Czy naprawdę ze mną jest wszystko w porządku?
Witam! Dawno nie pisałam, jednak chciałam napisać, że kilka tygodni po tamtej wadze, ważyłam się wczoraj i ważę 46 kg nawet przy tabletkach. Wtedy co pisałam, kiedy się ważyłam, waga wskazywała na przytycie, bo 48 kg, ale we wszystkich ciuchach i butach, czyli ważyłam 47 kg. Jednak ja w ogóle nie mam apetytu, jem bardzo mało w ciągu dnia. Pracuję, ciągle jestem w ruchu, mam też małego synka, 3 latka, więc ciągle mam ruch i nie chce mi się w ogóle jeść.
Mam pytanie, czy to prawda, że dziewczyny, które chorują na chorobę zwaną ''anoreksją'', nie czują głodu, a żeby cokolwiek jeść, jedzą same owoce i warzywa? Siostra mnie tak straszy, że ja mam anoreksję :( ale to niemożliwe! Co z tego, że jem same owoce i warzywa, jak ja je lubię i się nimi najadam, nic na to nie poradzę. Nie mam takiego zapotrzebowania na jedzenie jak inne kobiety. Kiedyś (jeszcze przed ciążą i po też) miałam rozmiar spodni 36. Dziś mam 34 i wiszą mi troszkę na nogach i tyłku. Ale mam nadzieję, że nie mam tej choroby, co siostra mi wmawia!

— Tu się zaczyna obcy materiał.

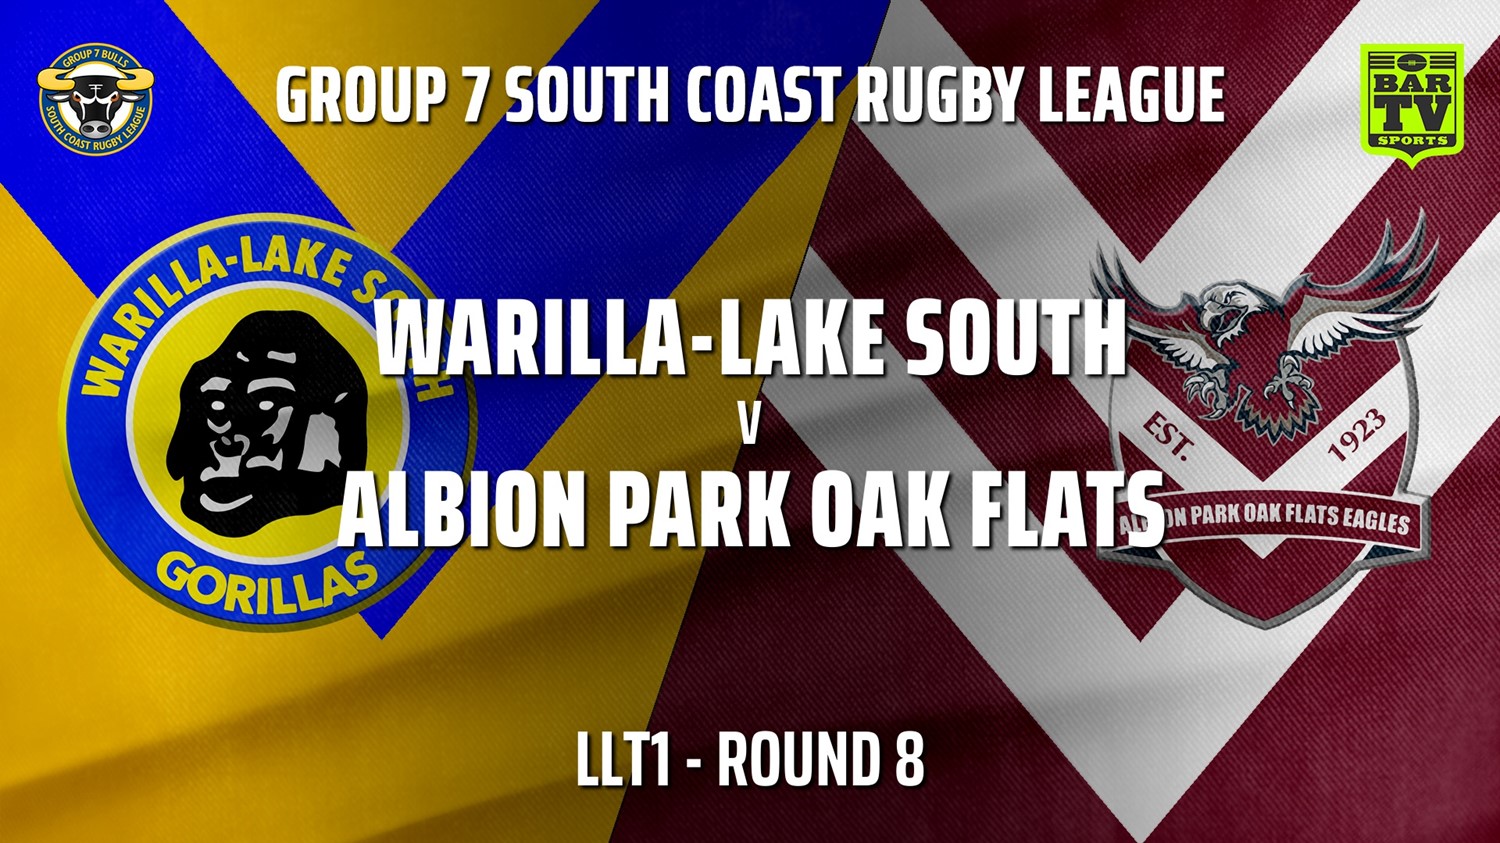 210606-Group 7 RL Round 8 - LLT1 - Warilla-Lake South v Albion Park Oak Flats Slate Image
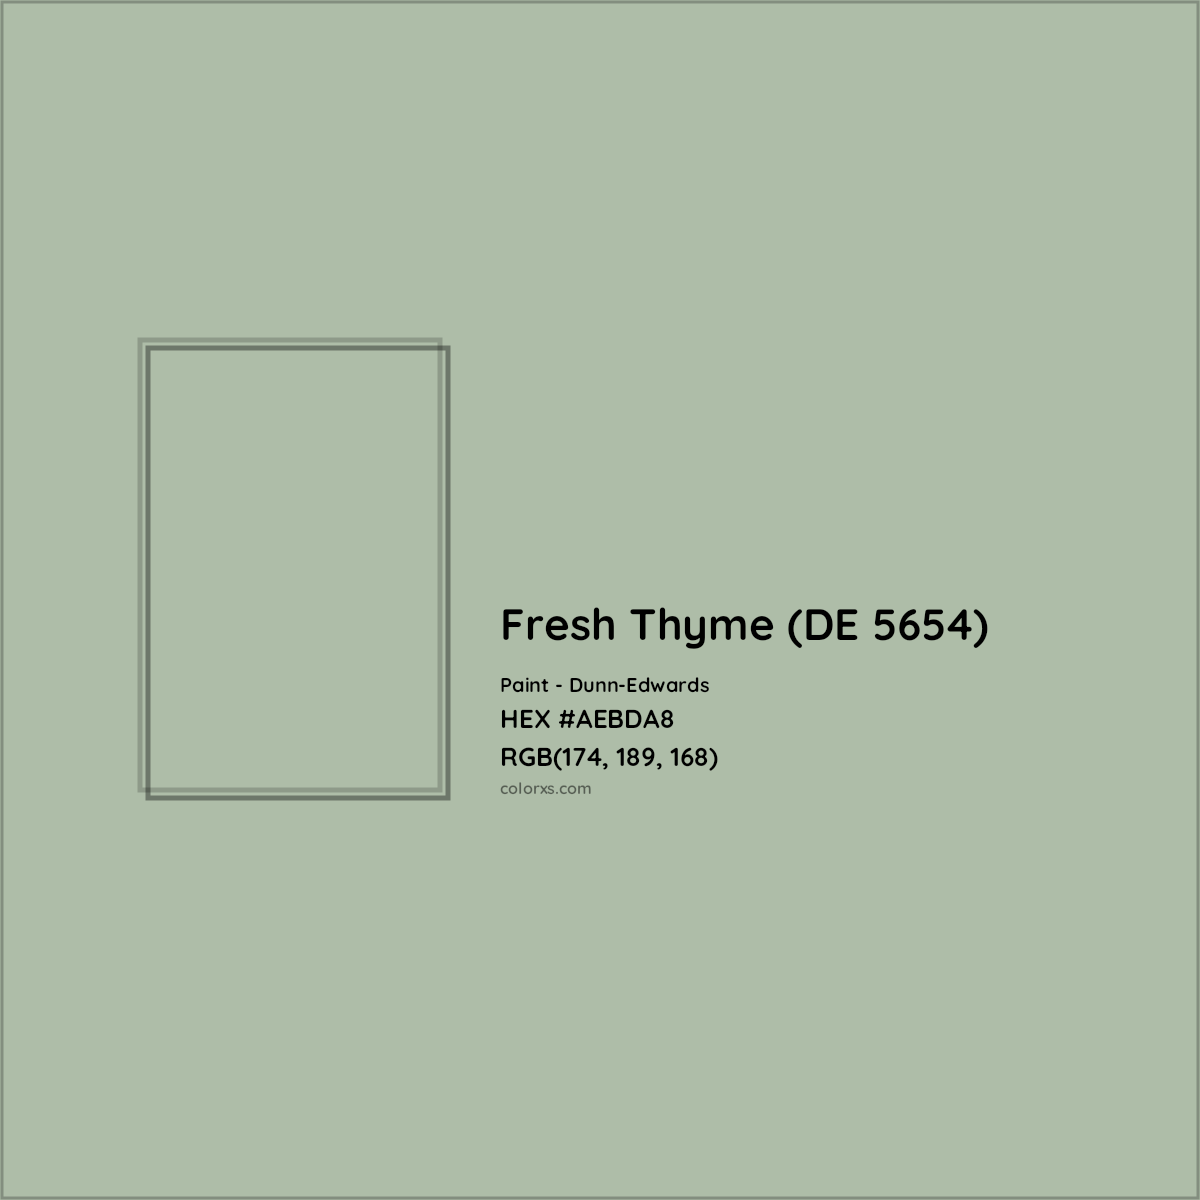 HEX #AEBDA8 Fresh Thyme (DE 5654) Paint Dunn-Edwards - Color Code

Strasznie mi jest wtedy przykro, znajomi, sąsiadki do mnie mówią, że źle wyglądam, że za chuda jestem itd... żebym przytyła, a mnie to tak strasznie wkurza! Bo ja w swojej wadze czuję się dobrze, a oni tego nie rozumieją! Mogłabym ważyć nawet 43 kg i by mi to nie przeszkadzało. Wręcz przeciwnie, zawsze to była moja wymarzona waga! Czekam na odpowiedź i serdecznie pozdrawiam:)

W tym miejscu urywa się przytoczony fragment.